Should BofA ever given me a $28,000 credit line, no. But it started at $5000 when I graduated from college and they kept increasing my limit every month trying to get me to use it. I never did.
But then I tried to buy a house in May. I was pre-approved in April for $220,000 with a credit score of 768. When I went to close in May I had dropped to 715 because of the reduction of available credit that happened in May. It wasn't enough to sink the deal but I was almost rejected by the bank because I fell below a 720. I was forced to take an extra 1/8th point on my interest rate and had to pay an extra $500 in closing costs.
The credit that should never have been given should also have never been taken away. By taking it away it destroyed good standing people's credit scores. In doing that it hurt the economy.
We may grow due to government stimulus vs last quarter but we will still be in a real recession. The recession may have ended for Wall Street but it is just beginning for the true economy.
9-16-2009 @ 5:58AM
al coholic said...
This situation is turning out to be a real catch 22. Too much easy credit is mainly to blame for our plight so the Fed floods the banking industry with free interest loans and huge TARP (taxpayer) money to stimulate lending. Instead, the big banks use the money for everything except lending. Of course if they went back to their old ways of lending we would be starting a new round of problems. Witness the idiotic cash for clunkers program that was a total waste of tax dollars.
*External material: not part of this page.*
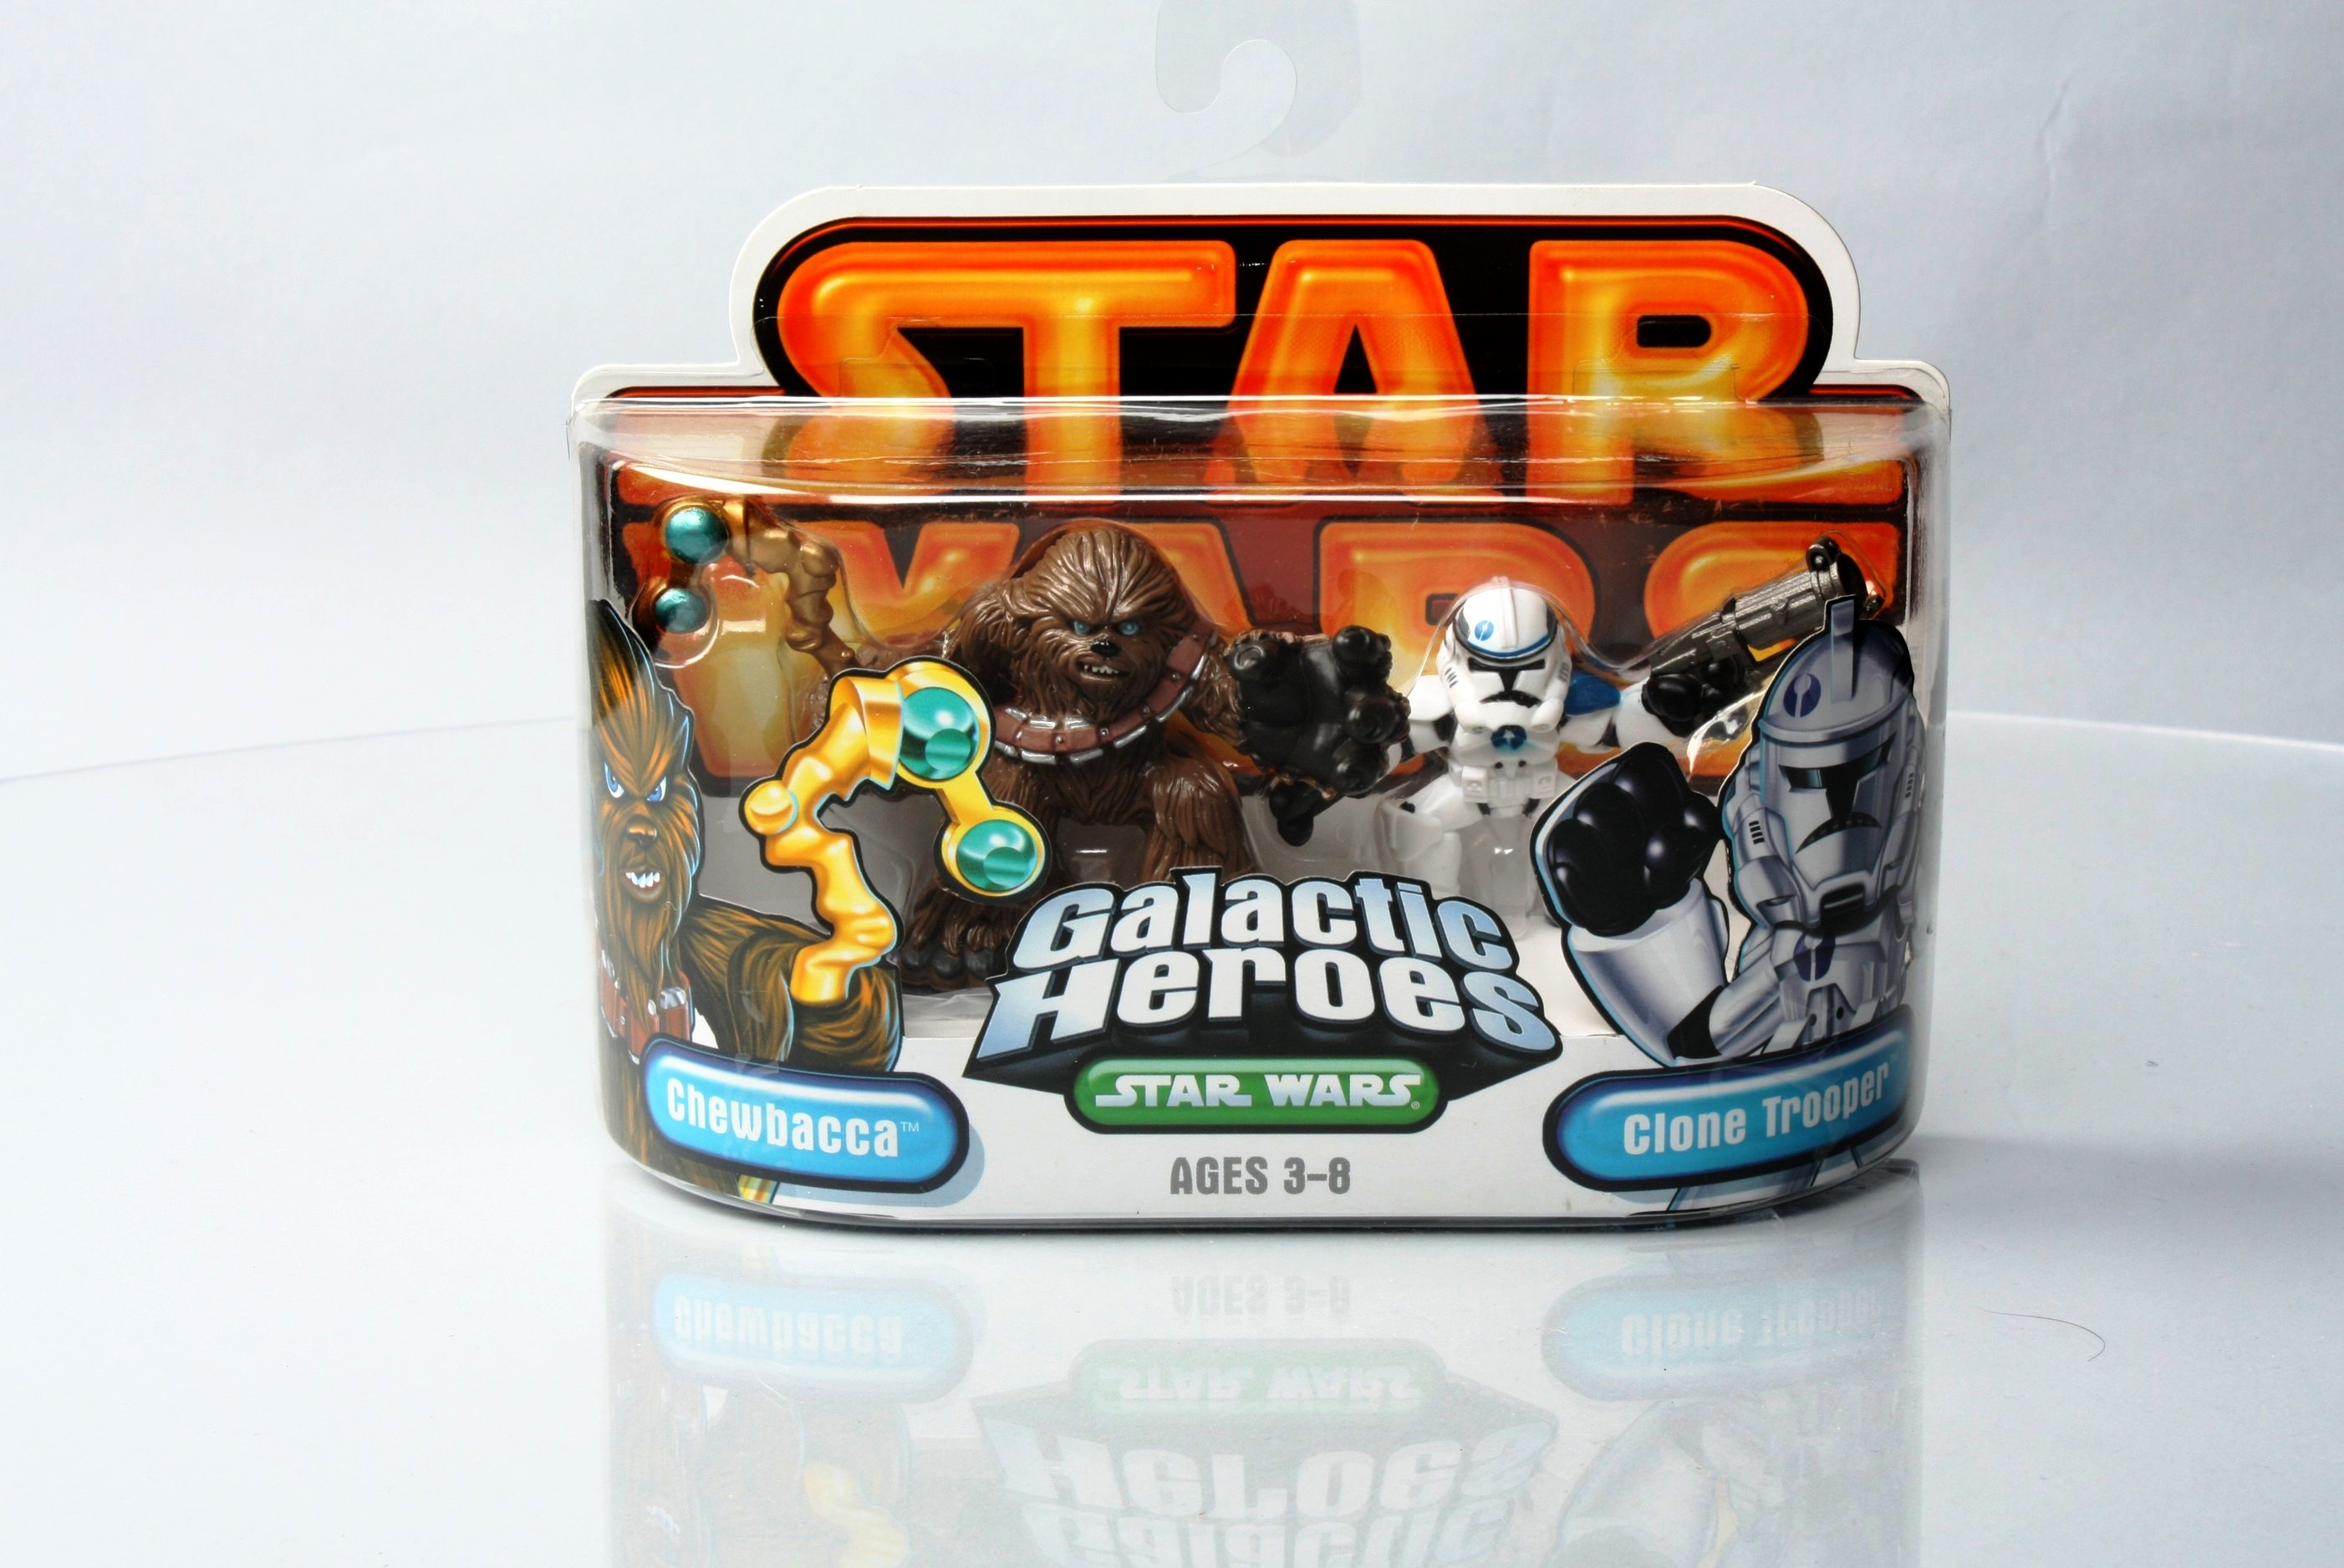 Star Wars Chewbacca /& clone trooper galactic heroes

In addition they take this opportunity to take back credit that already existed in the form of eqity lines and credit cards, with the result that many people no longer carry a credit score high enough to qualify for any loans.
Maybe a better start to a solution would be for the credit rating companies to revamp their criteria in such a way that a person who deleverages on thier own or is deleveraged through no fault of his own is not penalized for taking the prudent path.